A neural network — the architectural foundation of every LLM. Photo: Unsplash
The 3 Phases of Building an LLM
Here is the complete pipeline from raw internet data to the ChatGPT or Claude you use every day:
RAW INTERNET DATA (100TB+)
↓
[ Phase 1: Pretraining ] ← weeks of GPU compute, $10M–$100M cost
↓
BASE MODEL ← knows everything, follows nobody
↓
[ Phase 2: Fine-Tuning ] ← human-written Q&A examples
↓
SFT MODEL ← answers questions, but can still be harmful
↓
[ Phase 3: RLHF ] ← human preference rankings
↓
ASSISTANT MODEL ← ChatGPT, Claude, Gemini
Phase 1 — Pretraining (The Base Model)
Massive GPU/TPU clusters run for weeks to train a base model. Photo: Unsplash
The internet is crawled — Wikipedia, books, GitHub, Reddit, Stack Overflow — everything gets cleaned and compressed into GPU/TPU compute clusters.
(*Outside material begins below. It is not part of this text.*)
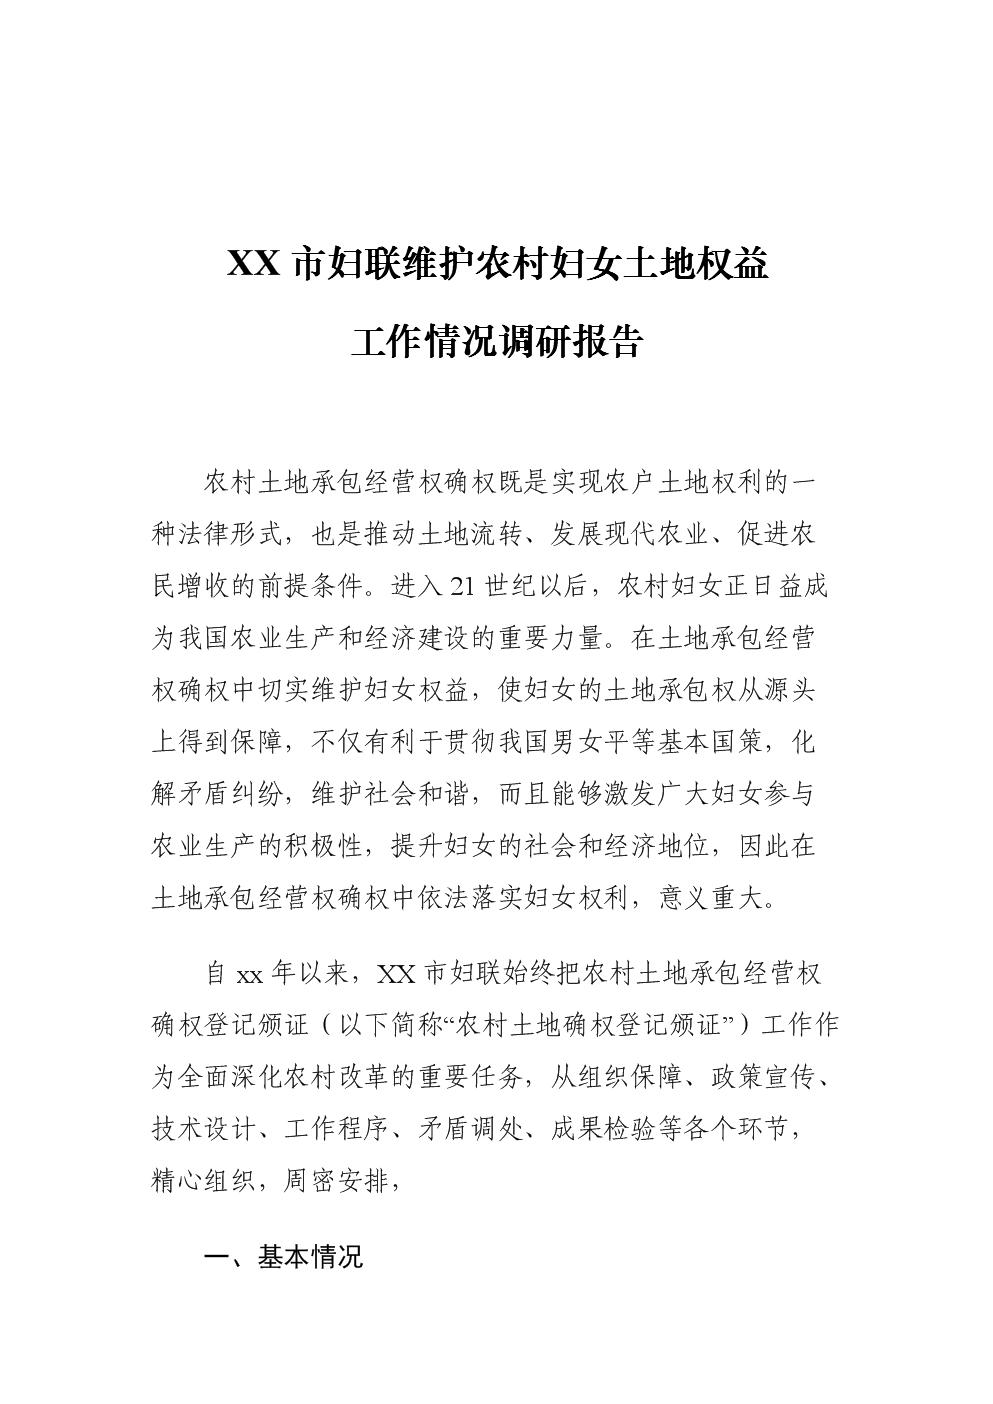 XX市妇联维护农村妇女土地权益工作情况调研报告.docx

The model does one thing only:
Predict the next token.
That's it. Billions of parameters adjust themselves over weeks to get better at this single task. After compute costing tens of millions of dollars, you get a base model.
A base model is not a chatbot. It's a document completer. Ask it a question and it might just continue writing more questions instead of answering — because that's what "the next token" looks like statistically.
💡 Key insight: The model is a lossy compression of the internet. 100TB of text → ~100GB of floating-point numbers (weights). It doesn't store facts like a database — it reconstructs them from patterns.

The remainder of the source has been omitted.